Representative papers with abstracts, BibTeX, and project materials.

Full publication list

[Preprint] Heimdallr: Characterizing and Detecting LLM-Induced Security Risks in GitHub CI Workflows

Bonan Ruan, Yeqi Fu, Chuqi Zhang, Jiahao Liu, Jun Zeng, Zhenkai Liang

arXiv 2026

@article{ruan2026heimdallr,
  title={Heimdallr: Characterizing and Detecting LLM-Induced Security Risks in GitHub CI Workflows},
  author={Ruan, Bonan and Fu, Yeqi and Zhang, Chuqi and Liu, Jiahao and Zeng, Jun and Liang, Zhenkai},
  journal={arXiv preprint arXiv:2605.05969},
  year={2026}
}

GitHub Continuous Integration (CI) workflows increasingly integrate Large Language Models (LLMs) to automate review, triage, content generation, and repository maintenance. This creates a new attack surface: externally controllable workflow inputs can shape LLM prompts and outputs, which may in turn affect security decisions, repository state, or privileged execution. Although LLM security and CI security have each been studied extensively, their intersection remains underexplored. In this paper, we present the first study of LLM-induced security risks in GitHub CI workflows. We characterize the problem along the full execution chain and develop a taxonomy of high-level risk classes and concrete threat vectors. To detect such risks in practice, we design Heimdallr, a hybrid analysis framework that normalizes workflows into an LLM-Workflow Property Graph (L-WPG) and combines triggerability analysis, LLM-assisted dataflow summarization, and deterministic propagation to synthesize concrete threat-vector findings. Evaluated on 300 manually annotated unique workflows, Heimdallr achieves high accuracy on LLM-node identification (F1 = 0.994), triggerability classification (99.8%), and threat-vector detection (micro-average F1 = 0.917). As part of an ongoing detection and disclosure effort, we have so far responsibly disclosed 802 vulnerable workflow instances across 759 repositories and received 71 acknowledgments.
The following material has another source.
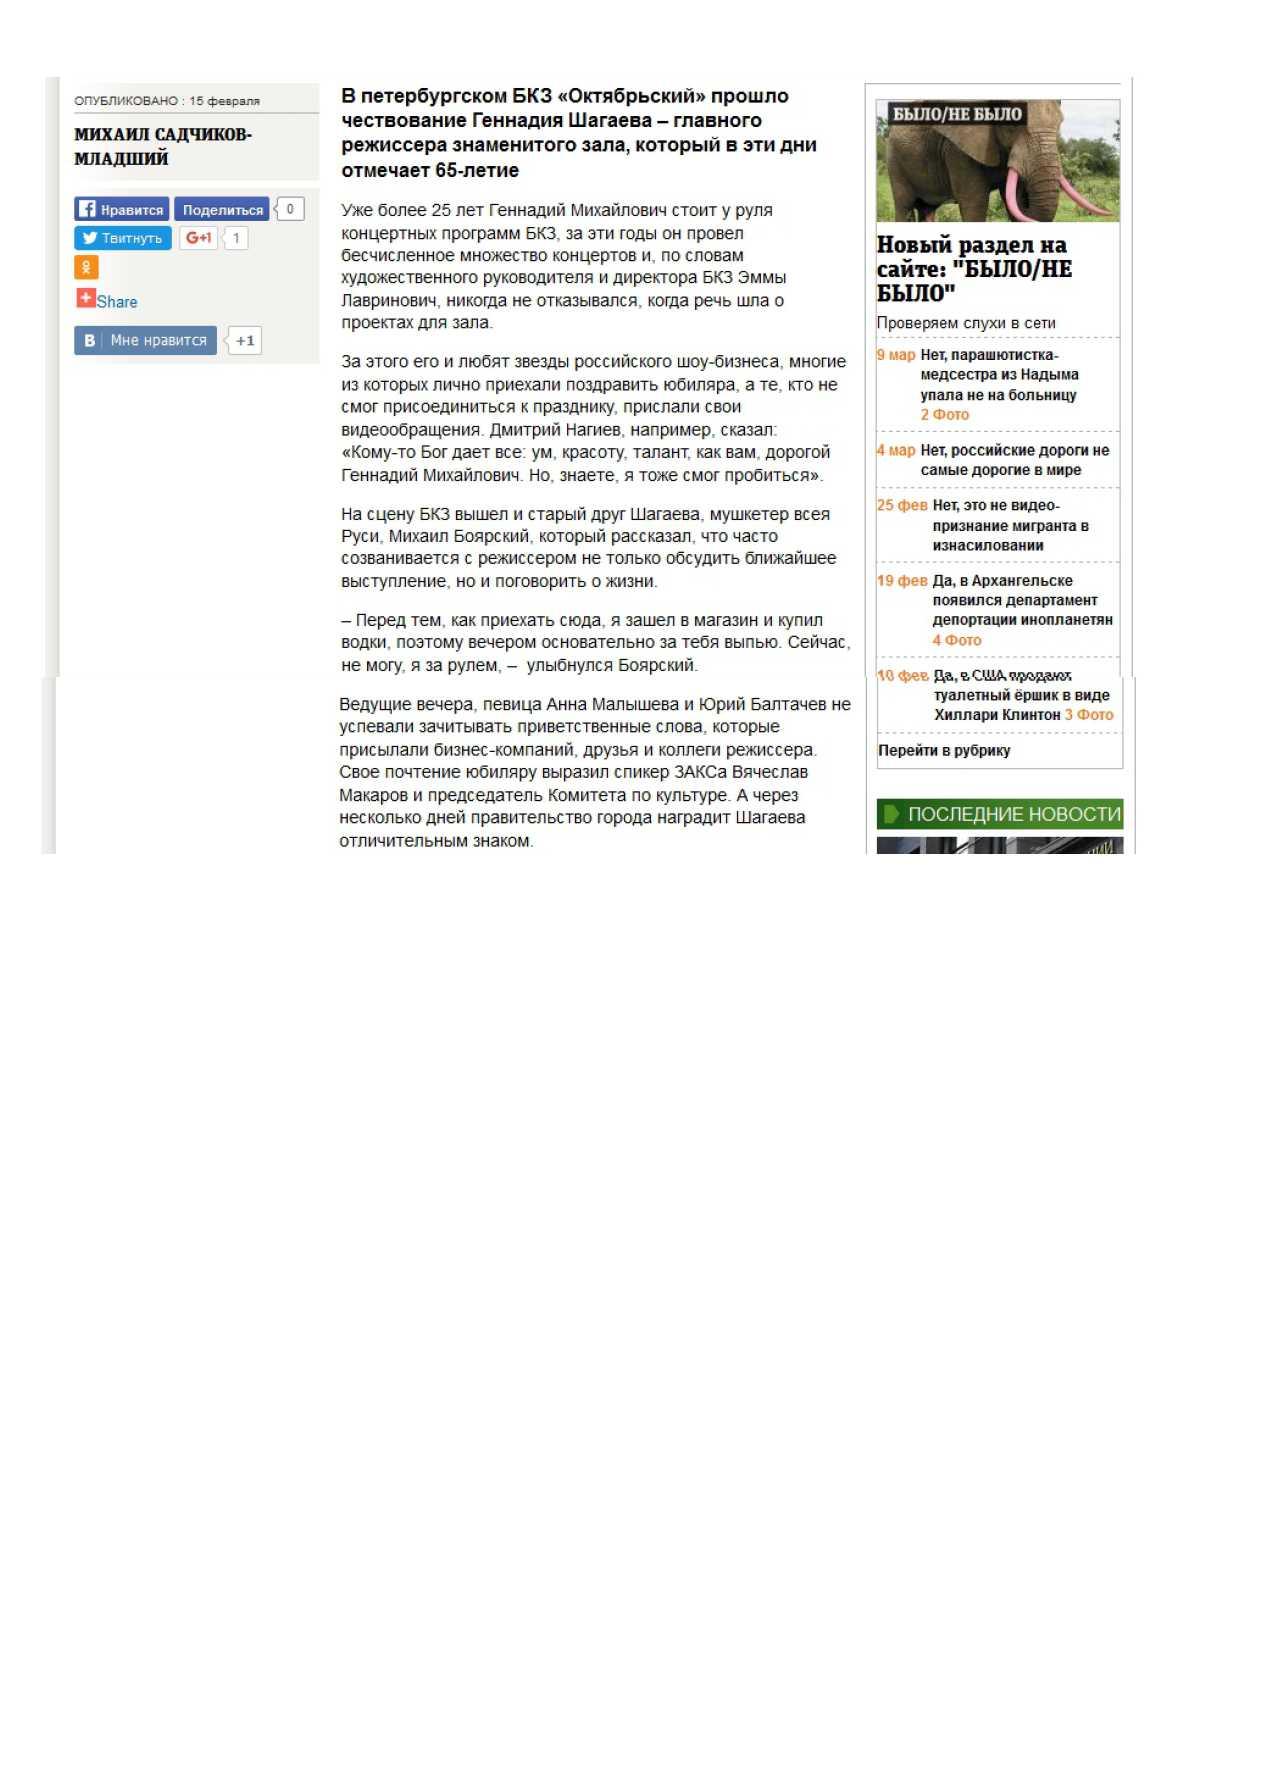 Press_Metro_onlinegazeta_160211_2

[ICLR 2026] DevOps-Gym: Benchmarking AI Agents in Software DevOps Cycle

Yuheng Tang*, Kaijie Zhu*, Bonan Ruan, Chuqi Zhang, Michael Yang, Hongwei Li, Suyue Guo, Tianneng Shi, Zekun Li, Christopher Kruegel, Giovanni Vigna, Dawn Song, William Yang Wang, Lun Wang, Yangruibo Ding, Zhenkai Liang, Wenbo Guo

14th International Conference on Learning Representations

@inproceedings{tang2026devopsgym,
  title={DevOps-Gym: Benchmarking AI Agents in Software DevOps Cycle},
  author={Yuheng Tang and Kaijie Zhu and Bonan Ruan and Chuqi Zhang and Michael Yang and Hongwei Li and Suyue Guo and Tianneng Shi and Zekun Li and Christopher Kruegel and Giovanni Vigna and Dawn Song and William Yang Wang and Lun Wang and Yangruibo Ding and Zhenkai Liang and Wenbo Guo},
  booktitle={The Fourteenth International Conference on Learning Representations},
  year={2026},
  url={https://openreview.net/forum?id=bP48r4dt7Z}
}

Even though demonstrating extraordinary capabilities in code generation and software issue resolving, AI agents' capabilities in the full software DevOps cycle are still unknown. Different from pure code generation, handling the DevOps cycle in real-world software, including developing, deploying, and managing, requires analyzing large-scale projects, understanding dynamic program behaviors, leveraging domain-specific tools, and making sequential decisions. However, existing benchmarks focus on isolated problems and lack environments and tool interfaces for DevOps. We introduce DevOps-Gym, the first end-to-end benchmark for evaluating AI agents across core DevOps workflows: build and configuration, monitoring, issue resolving, and test generation. DevOps-Gym includes 700+ real-world tasks collected from 30+ projects in Java and Go. We develop a semi-automated data collection mechanism with rigorous and non-trivial expert efforts in ensuring the task coverage and quality. Our evaluation of state-of-the-art models and agents reveals fundamental limitations: they struggle with issue resolving and test generation in Java and Go, and remain unable to handle new tasks such as monitoring and build and configuration. These results highlight the need for essential research in automating the full DevOps cycle with AI agents.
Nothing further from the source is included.